Two months after Sebastian’s birth, Justin and Nicole got the call. There was a baby who needed a home.
“Our first goal was reunification if possible,” said Nicole. “That was changed at four months of age after his parents gave up their parental rights and we knew from that point he wasn't going anywhere, and we were going to help him get to transplant stage. We hadn’t had a baby through foster care and this wasn’t just a baby; this was a baby with medical issues,” said Nicole, who worked as a pediatric home health care nurse. “We were scared. What if we couldn’t do it?”
It took a large box – about the size of Sebastian - to hold his medical records. At 13 months, he was the size of a nine-month-old, said Nicole. They took a picture of him standing next to the box. Nicole stayed at Riley Hospital for a week to learn how to administer home dialysis. “I sat in a room with doctors and case workers and I was floored at the needs. We have a great team of nine doctors and there’s not a single one of them who hasn’t treated us with love and respect,” said Nicole.
The Alles took that baby home to Whitley County on Jan. 13, 2015, and on Oct. 6, 2016 he was adopted into their family.
“We named him Sebastian Benedict. Sebastian is the patron saint of warriors and Benedict is the patron saint of those suffering with kidney disease. I knew if I failed looking after him, the saints would protect him,” said Nicole.
“When we first got him, our goal was to get him to the transplant stage. I didn’t even know if I was the same blood type,” said Nicole. By January 2017 Sebastian was ready to be listed for a kidney transplant. Nicole was tested and learned that she was a tissue match.
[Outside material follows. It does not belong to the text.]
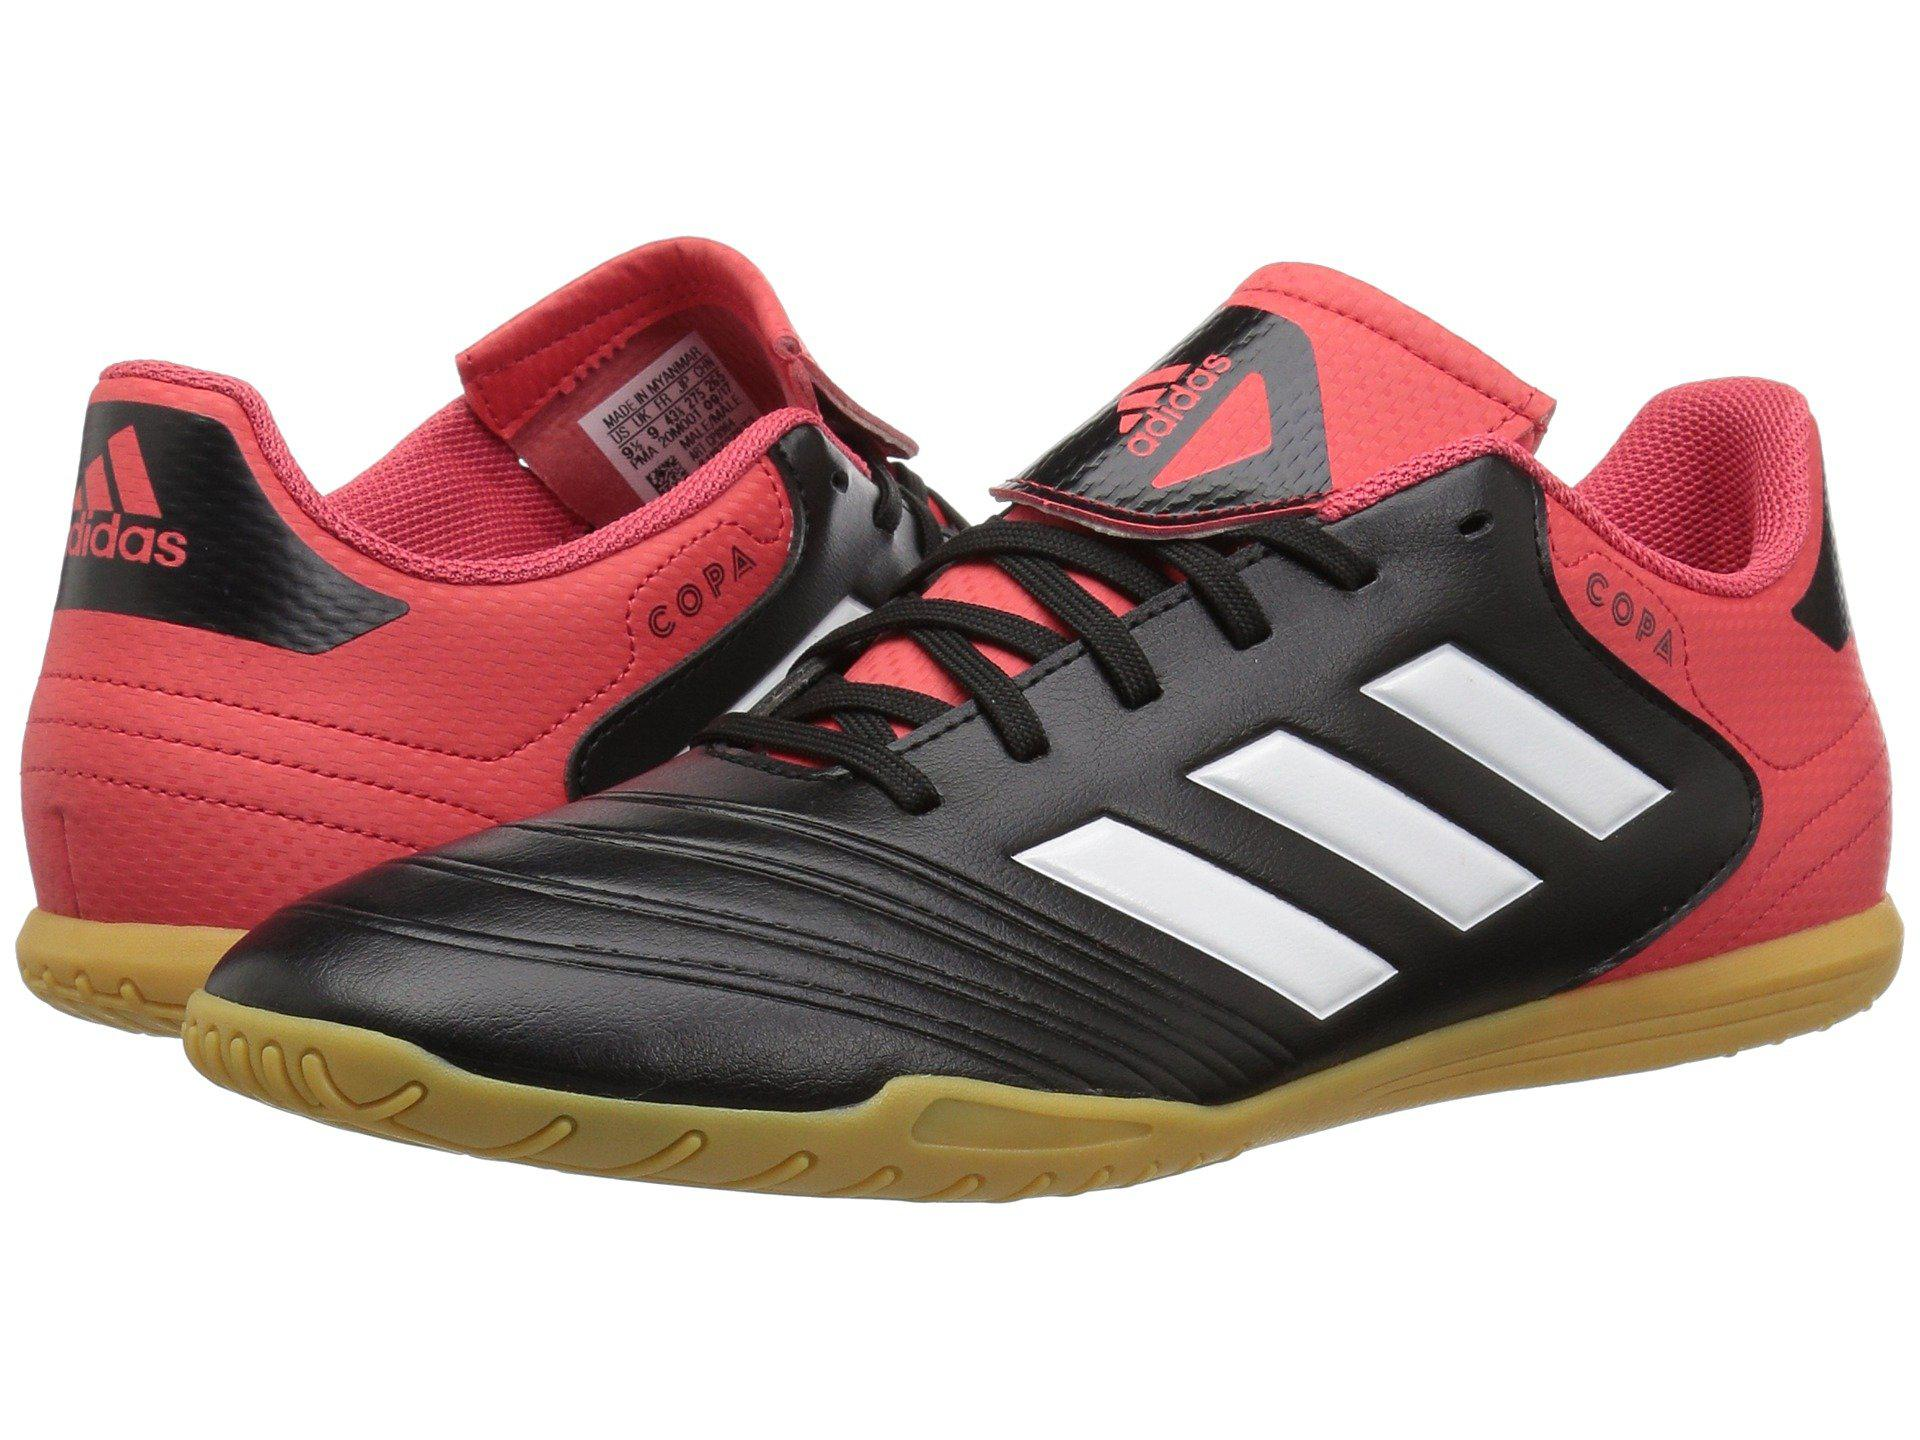 Adidas Originals Nmd Runner Black White S46883 Kids Shoes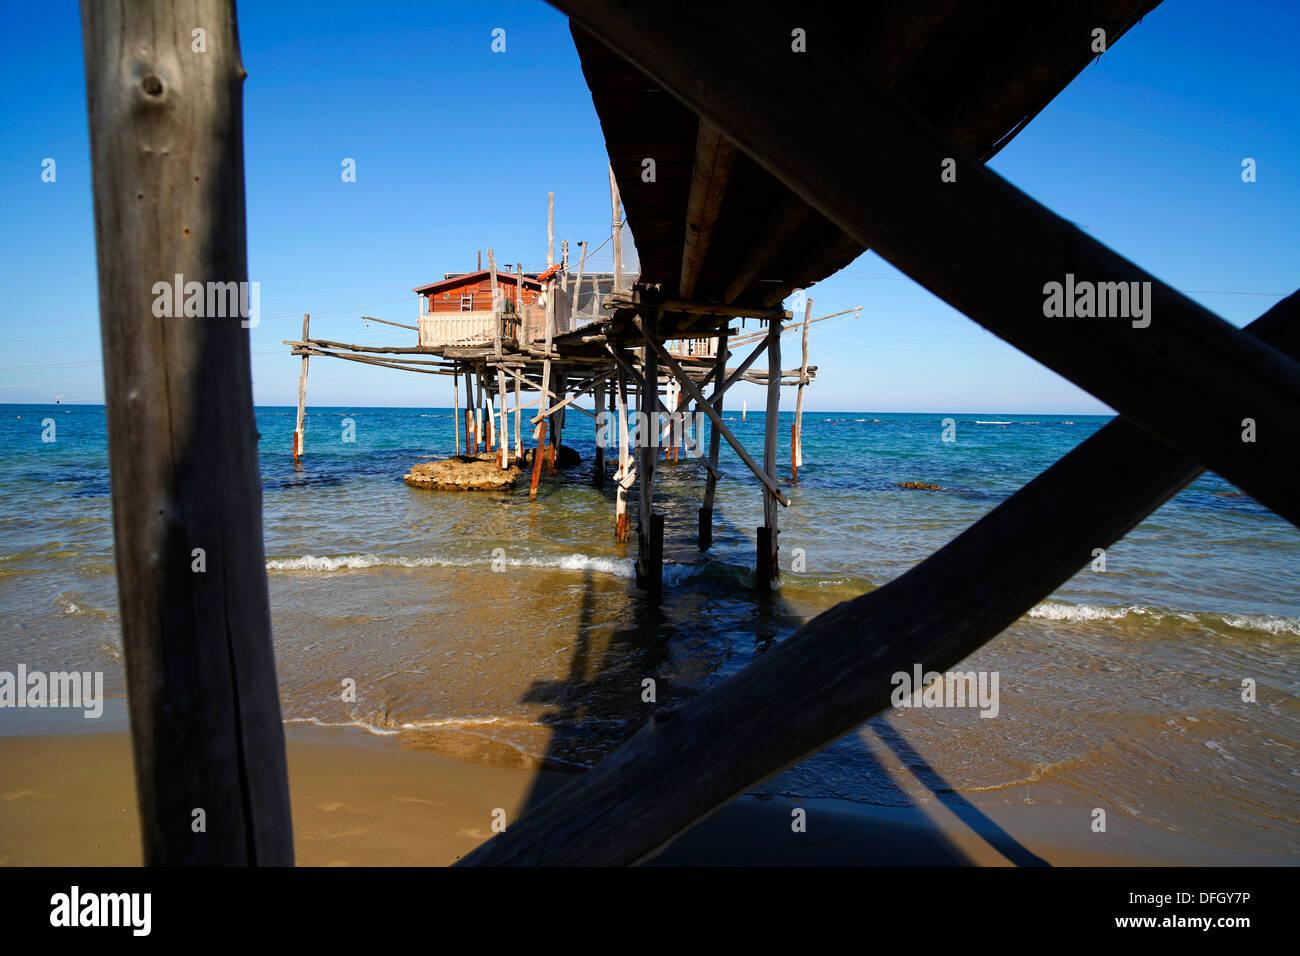 A fisherman's trabiocci on the Adriatic coast near Vasto in Italy. - Stock Image

On Oct. 11, 2017 – a year after his adoption - Sebastian received another gift from his new mom. Nicole donated a life-saving kidney to the little guy.
She becomes emotional as she talks about the transplant. “I had a dream that I would be his kidney donor,” said Nicole, who turns 49 in April. “He was supposed to be part of our family. God had a plan. Sebastian mimics my older children and he has influenced them in so many ways,” said Nicole.
As Sebastian focuses intently on preparing his make believe lunch. Nicole asks him for kisses. He’s too busy to stop so she grabs him and begins smooching his face. He giggles and then is off again cooking and meal prepping.
Now, three notebooks filled with Sebastian’s milestones are as coveted as the box filled with medical records. “Some day he’s going to want to know his story and we want to be ready to tell him,” said Nicole. He still has some surgeries ahead of him but he’s come so far since his transplant – growing and thriving.
He learned sign language early on and now speaks in short sentences. He knows his shapes, colors, numbers and alphabet, and he is working on toilet training. He loves chicken nuggets (he calls them “monkey chicken”) and macaroni and cheese (he calls “monkey cheese”).
“His communication skills are behind and he’s still working to catch up socially,” said Nicole. “Our goal is for him to no longer require a G-tube for nutritional needs, help him to exceed his predicted potential, be the best he can be, and a valuable part of society,” said Nicole. “Yes, he’s cute and he’s a happy, jovial child who knows he’s loved. We aren’t going to let his handicap hinder him or let him use it as an excuse.”
How is he different from her older children?
“First off, he’s blonde haired, blue-eyed and fair skinned. But now that I’m his mother, he has a piece of me,” said Nicole. “Despite his delays, he’s like my other kids were at his age, right by my side. It doesn’t matter how many people are in the room, he’s right where I am,” said Nicole. “I tell my husband that our kidneys are magnetically fused.”
-- By T.J. Banes, Journalist, IU Health.